我发现我可以创建一个BlockingQueue,使用peek将东西推入该队列,然后从队列中获取一个流。这似乎是一个好主意,实际上工作得很好,虽然我无法理解流是如何关闭的(它实际上是这样,但我看不出如何)。以下示例代码说明了这一点:

I have discovered that I can create a BlockingQueue, use peek to push things into that queue, and then obtain a stream from the queue. This seems to be a fine idea and actually works quite well, though I fail to understand how the stream gets closed (it actually does, but I cannot see how). Here's sample code illustrating this:

List<Student> ls = Arrays.asList(
  new Student("Fred", 2.3F)
  // more students (and Student definition) elided ...
);

BlockingQueue<Student> pipe = new LinkedBlockingQueue<>();

ls.stream()
  .peek(s -> {
     try {
       pipe.put(s);
     } catch (InterruptedException ioe) {
       ioe.printStackTrace();
     }
   })
   .forEach(System.out::println);

   new Thread(
     new Runnable() {
       public void run() {
         Map<String, Double> map = 
           pipe.stream()
             .collect(Collectors.groupingBy(s->s.getName(),
                      Collectors.averagingDouble(s->s.getGpa())));
         map.forEach(
           (k,v)->
             System.out.println(
               "Students called " + k 
               + " average " + v));

       }
     }).start();

所以,第一个问题是:有更好的方法吗?

So, the first question is: is there a "better" way to do this?

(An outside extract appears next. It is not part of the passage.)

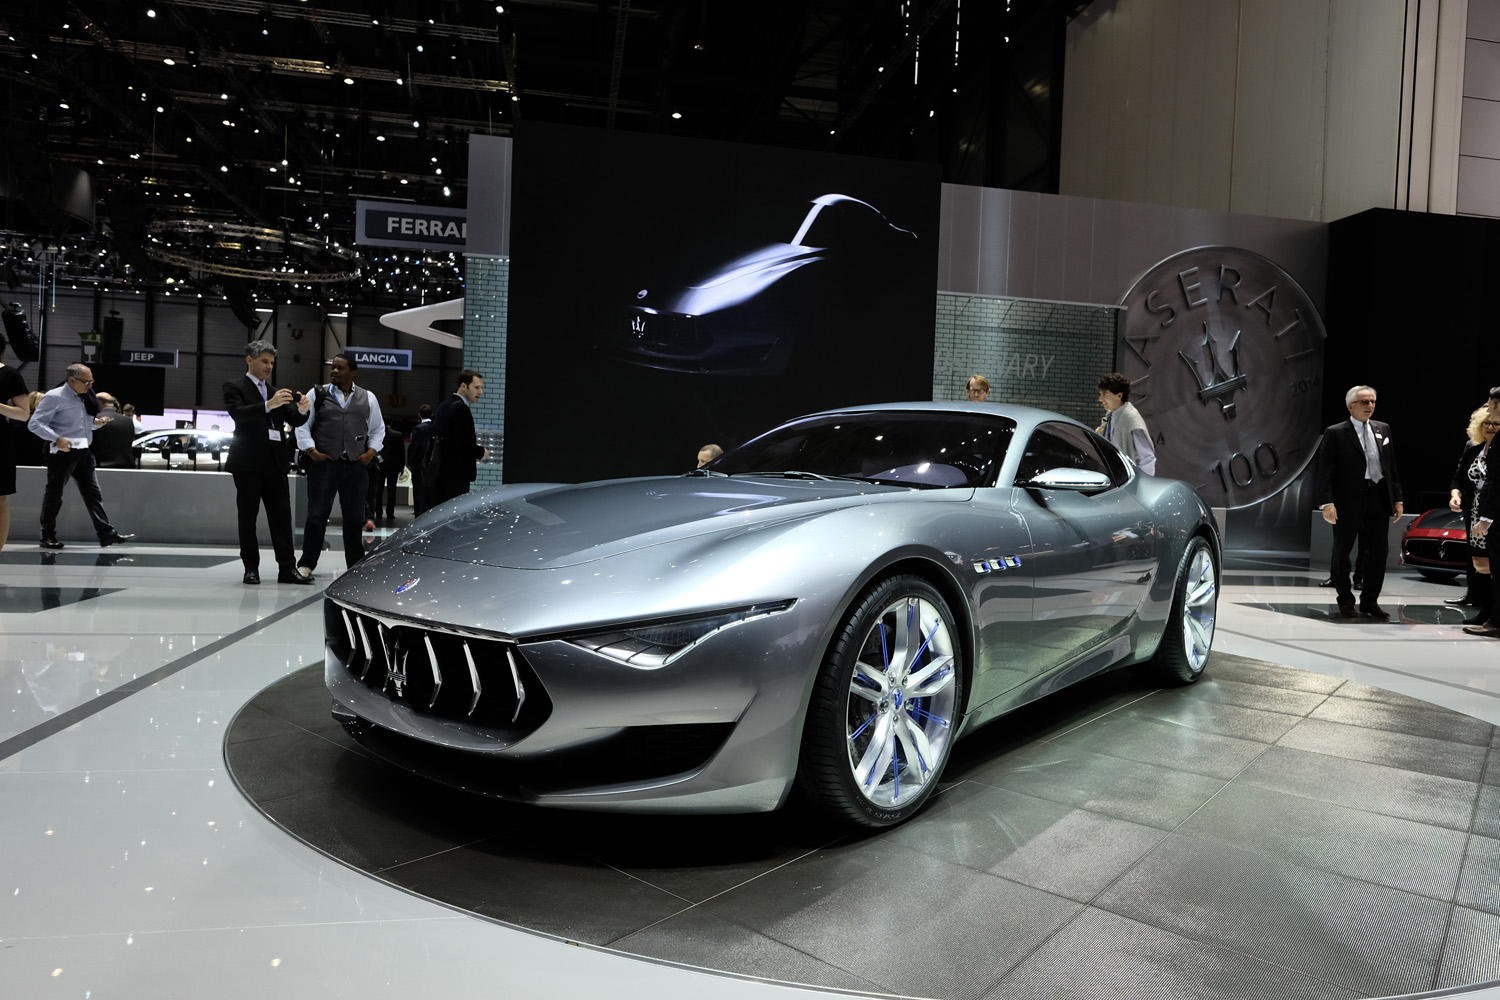 The 12 most amazing concept cars from this year’s Geneva Motor Show BGR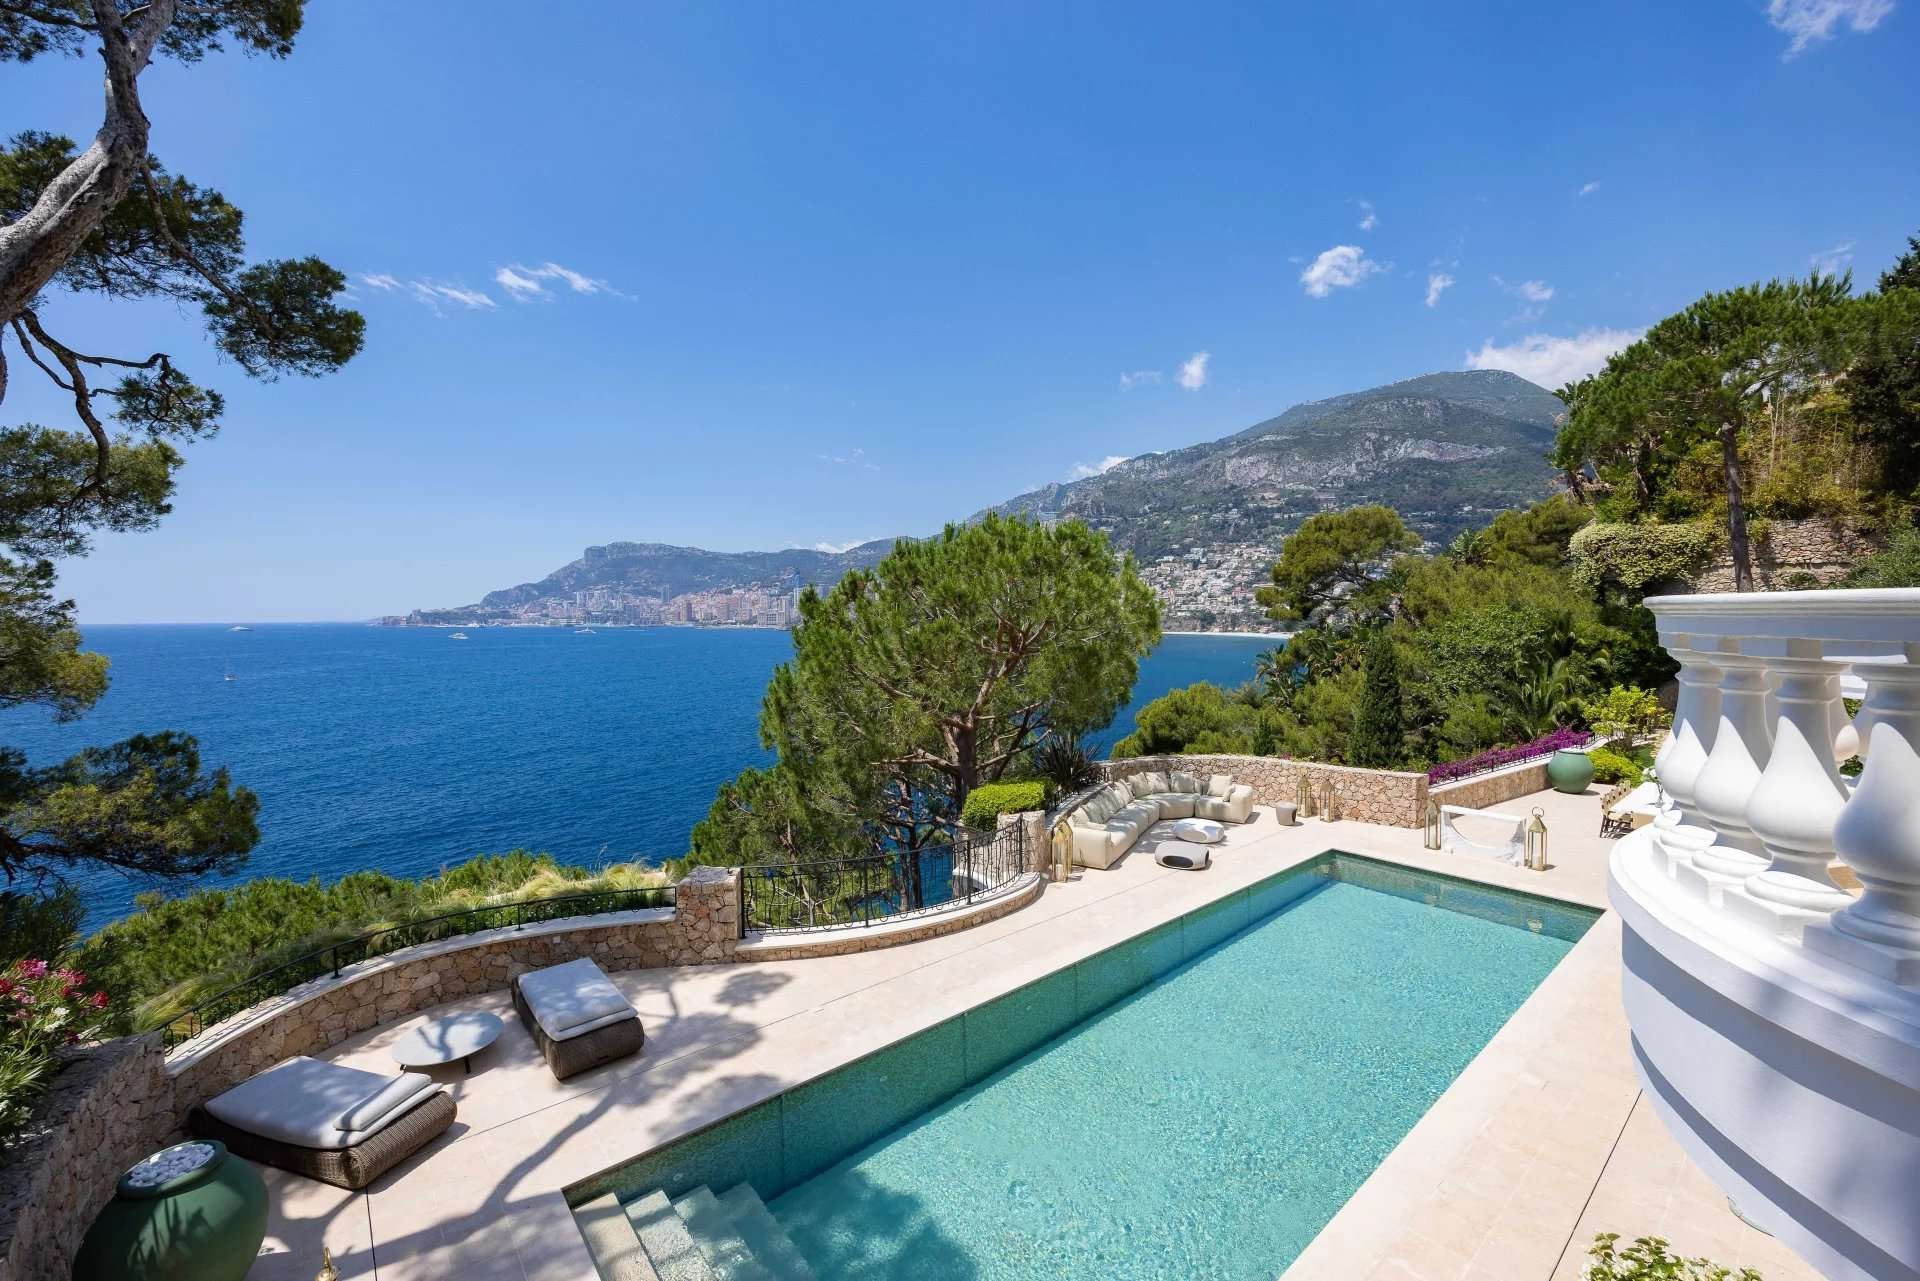 Francis York Belle Epoque Villa on The French Riviera With Views Over Monaco 9.jpg

第二个问题,BlockingQueue上的流如何关闭?

Second question, how the heck is that stream on the BlockingQueue getting closed?

干杯,
托比

推荐答案

有趣的问题。我将首先回答第二个问题,因为这是一个更简单的问题。

Interesting problem. I'll answer the second question first, since it's a simpler issue.


第二个问题,怎么样就是BlockingQueue上的那个流关闭?

Second question, how the heck is that stream on the BlockingQueue getting closed?

通过关闭我认为你的意思是,流有一定数量的元素然后它完成,无视任何元素可能会在将来添加到队列中。原因是队列中的流仅表示创建流时队列的当前内容。它不代表任何未来的元素,也就是那些其他线程可能在将来添加的元素。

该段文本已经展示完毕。